Kinetic weapons can yield predictable outcomes because the relevant variables influencing the outcomes are well understood. The laws of physics and their effect on kinetic weapons have been studied and documented, and environmental changes have highly predictable and quantifiable impacts on the effectiveness of a kinetic weapon. Cyber effects are extremely sensitive to changes in the environment, from subtle changes in the target’s software, hardware, or user settings, to dynamic global networking that serves as the connection between attacker and target. Small, potentially unobserved changes to software or networking could significantly impact the effectiveness of a cyber weapon that relies on very specific software settings.
Finally, we note the difference in the accessibility of kinetic and cyber weapons. Today, entry-level cyber weapons are increasingly common as a commodity widely shared by aggressors of varying technical capability. The pervasive availability, low cost, and low expertise necessary to operate them mean that cyber weapons could be employed by many state and nonstate actors. Tools that are freely available (for example, the widely available Metasploit) or on the open market (Core Impact) are easily weaponized for cyber attack. For the United States, this situation is both a liability, in effectively arming more adversaries through the increased exposure of U.S. cyber weapons, and a potential opportunity, by raising the cost to adversaries of conducting cyber attacks by forcing them to counter the greater number of platforms that economies of scale allow the United States to bring to bear. In general, large-scale kinetic weapons, conversely, continue to remain out of reach in cost, expertise, or availability to many adversaries.
Differences in Targeting
The first difference in the targeting category is in the weapon-to-target ratio. At the point of impact, a kinetic weapon is intended for a single target. Although the scope and scale of the target may vary, even kinetic weapons of mass destruction are limited in time and space. Conversely, cyber weapons offer an ability to affect many targets across time and space, in some cases leveraging each target as the launch platform for the next. Cyber weapons are not expended on use unless someone develops an inoculation, such as a patch—and even in that case, the inoculation may not be global.
Another important distinction is the standoff range from the target.
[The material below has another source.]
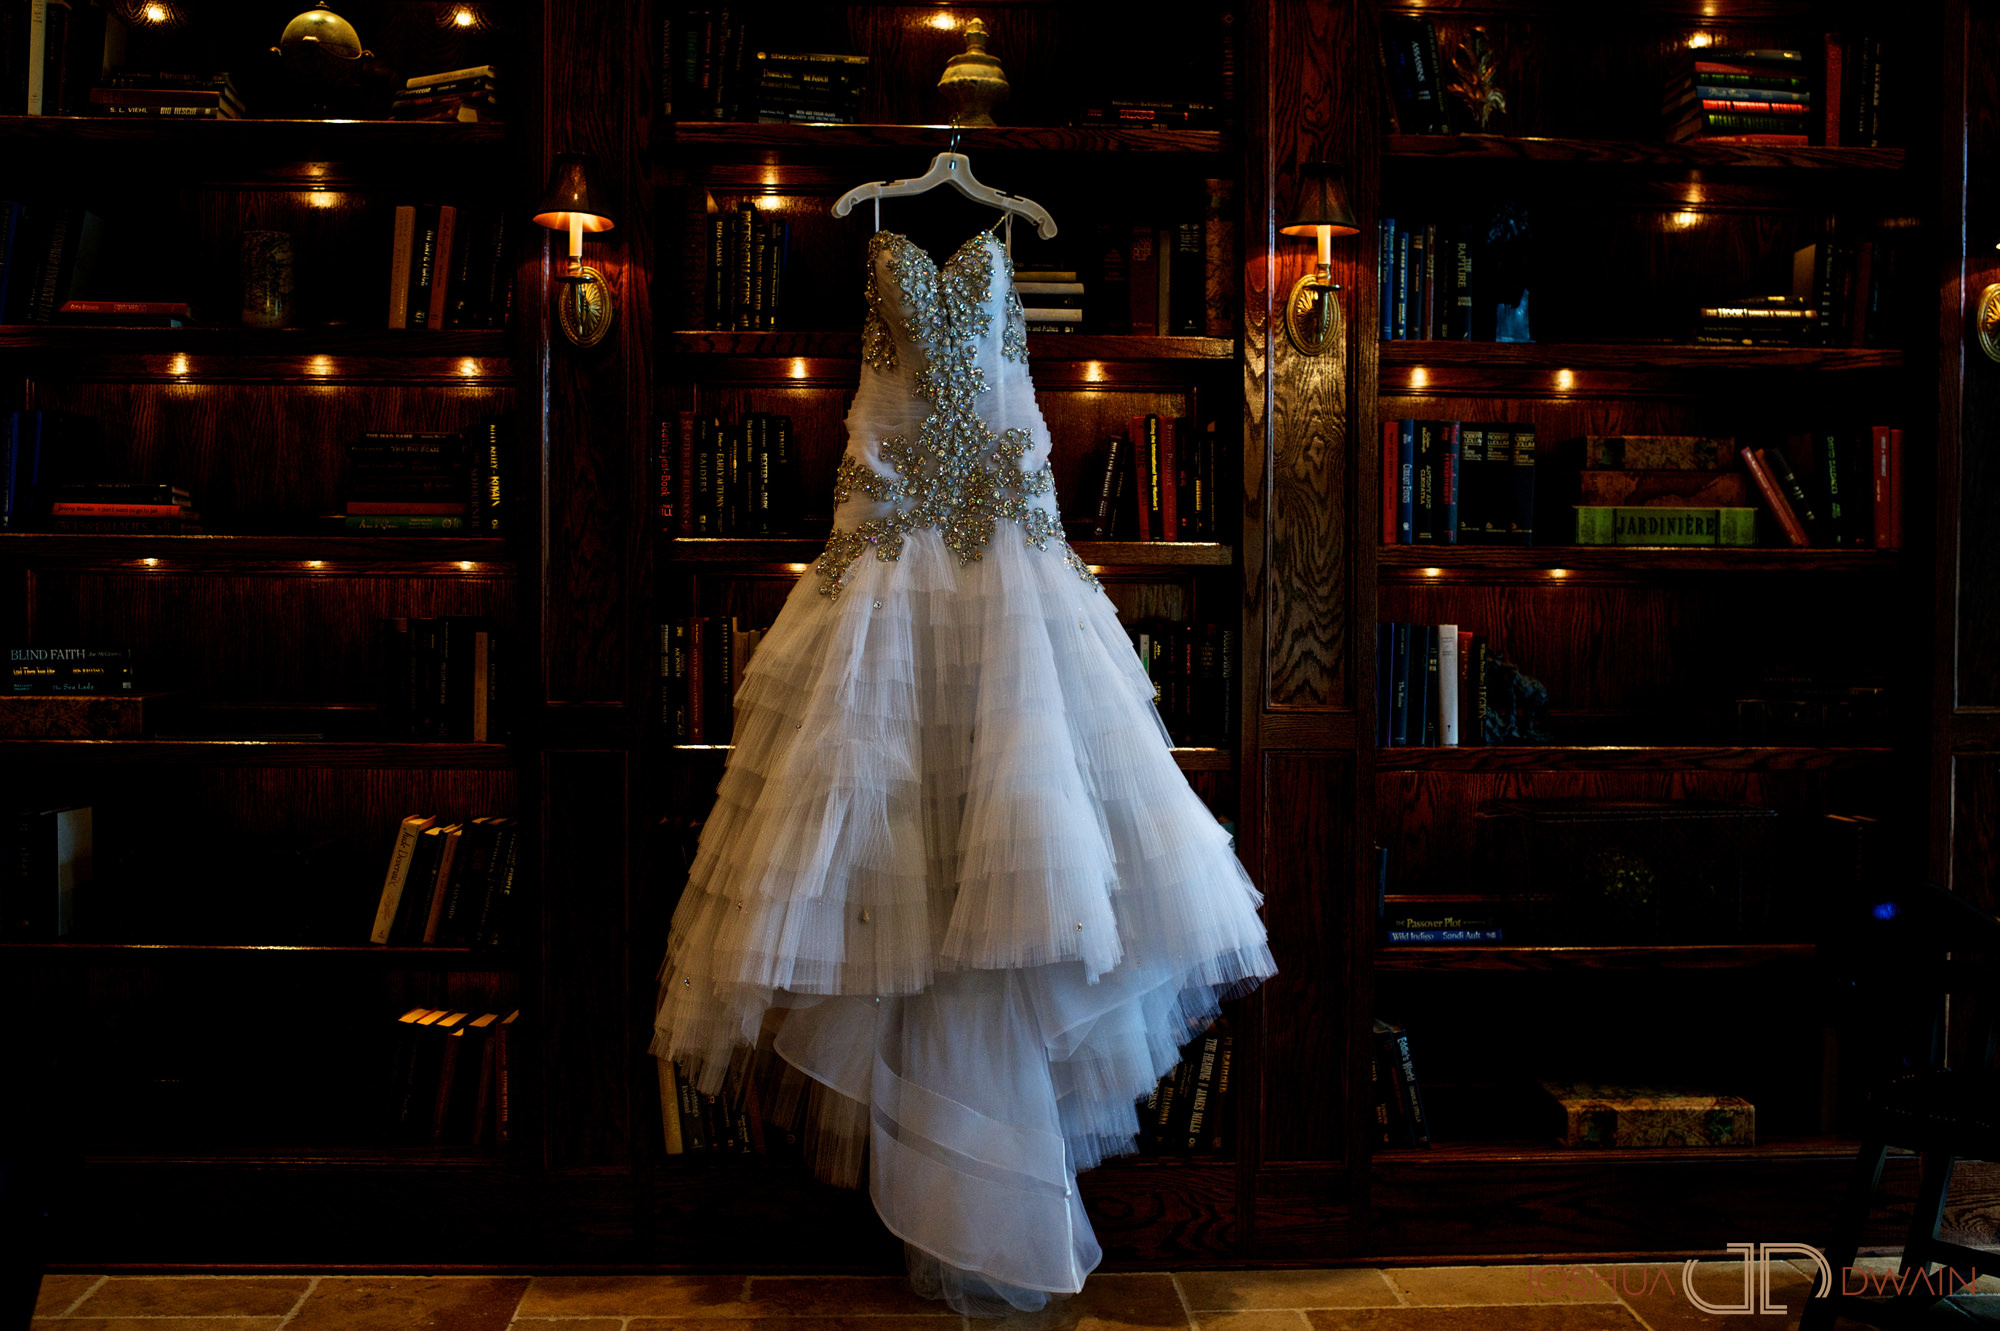 cadisha-antoine-002-ashford-estates-allentown-nj-wedding-photographer-joshua-dwain-photography-
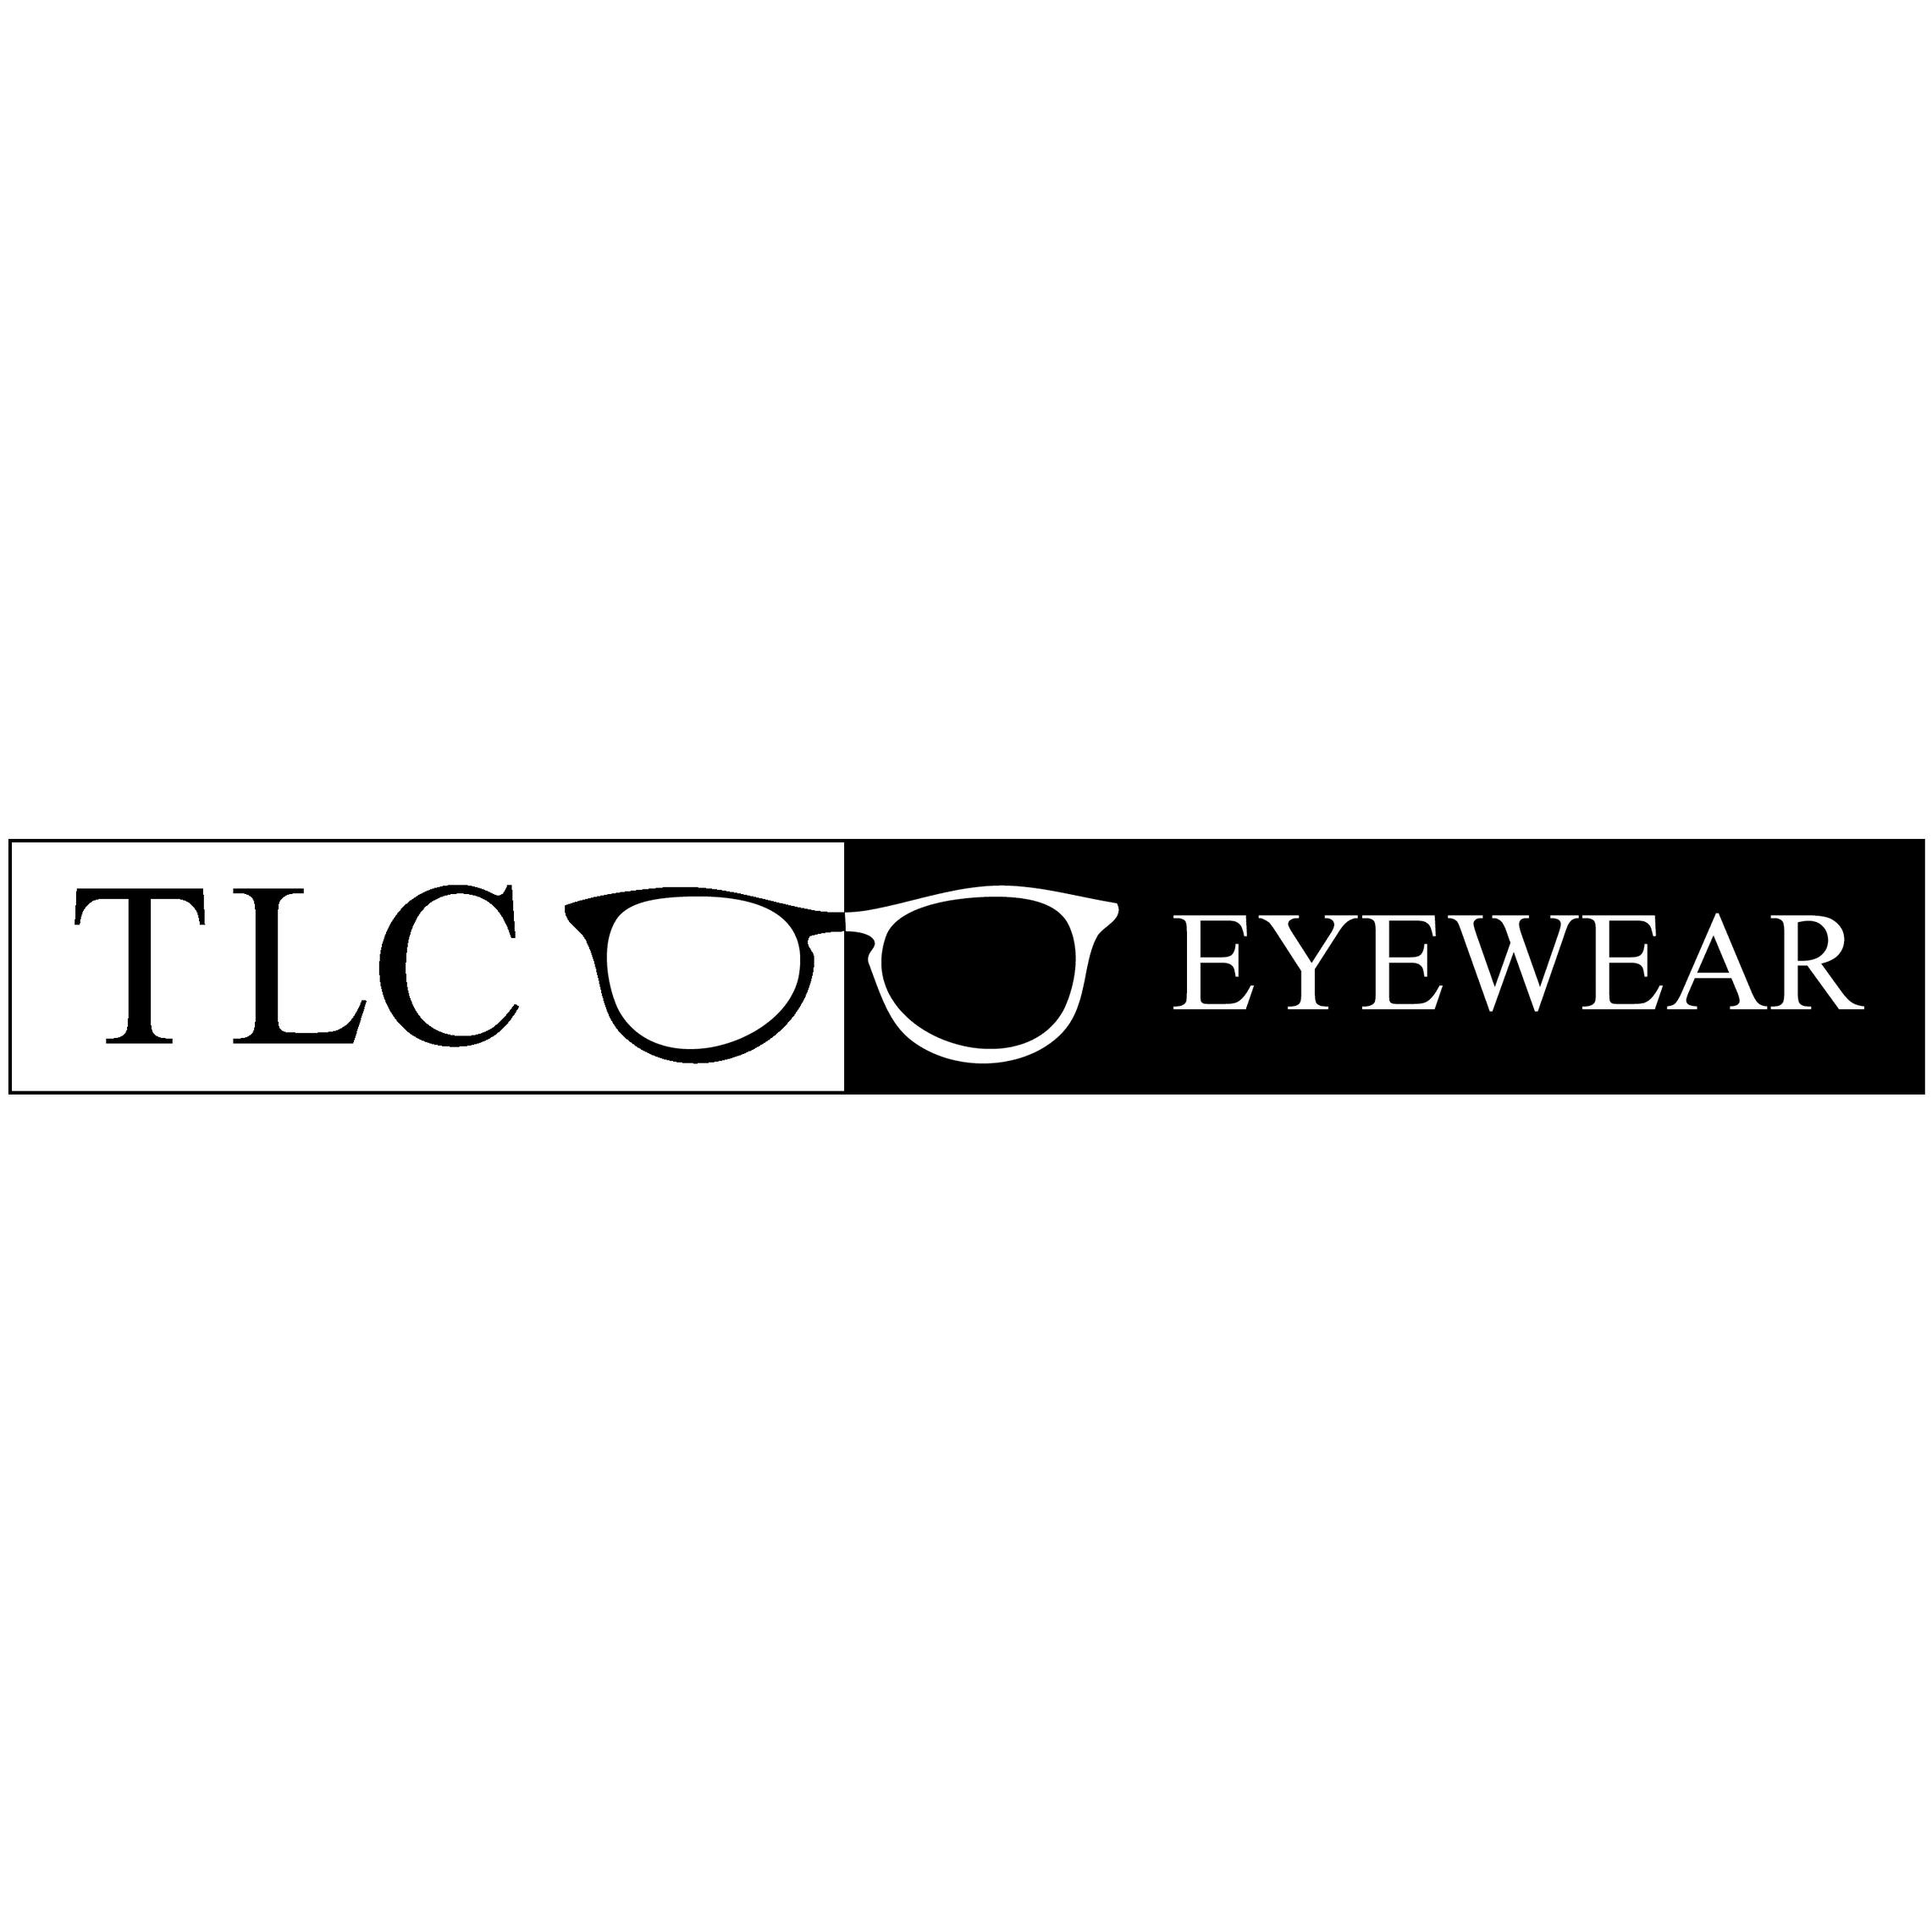 tlc eyewear canton ma business profile

Kinetic weapons can be effective with minimal prepositioning relative to the target—this is particularly true for kinetic weapons of long geographic range. Physical geography matters much less in cyberspace, but the complex digital environment often demands significant prepositioning and initial preparation of the battlespace before the cyber weapon can reach the target.
Targeting is affected by the degree of control over the target (the find and fix problem) and the weapon (the finish problem). Precise targeting and positive control over the selection of targets for delivery of effects are important to achieving military objectives and avoiding collateral damage. Cyber weapons may require a mix of opportunistic and discriminating targeting. Stuxnet is a case study where the weapon was designed to roam across many systems, infecting those that met the target criteria while bypassing those that did not.13 This is an example of opportunistic access as opposed to positive control over the systems infected. It further illustrates the difference between access and effect.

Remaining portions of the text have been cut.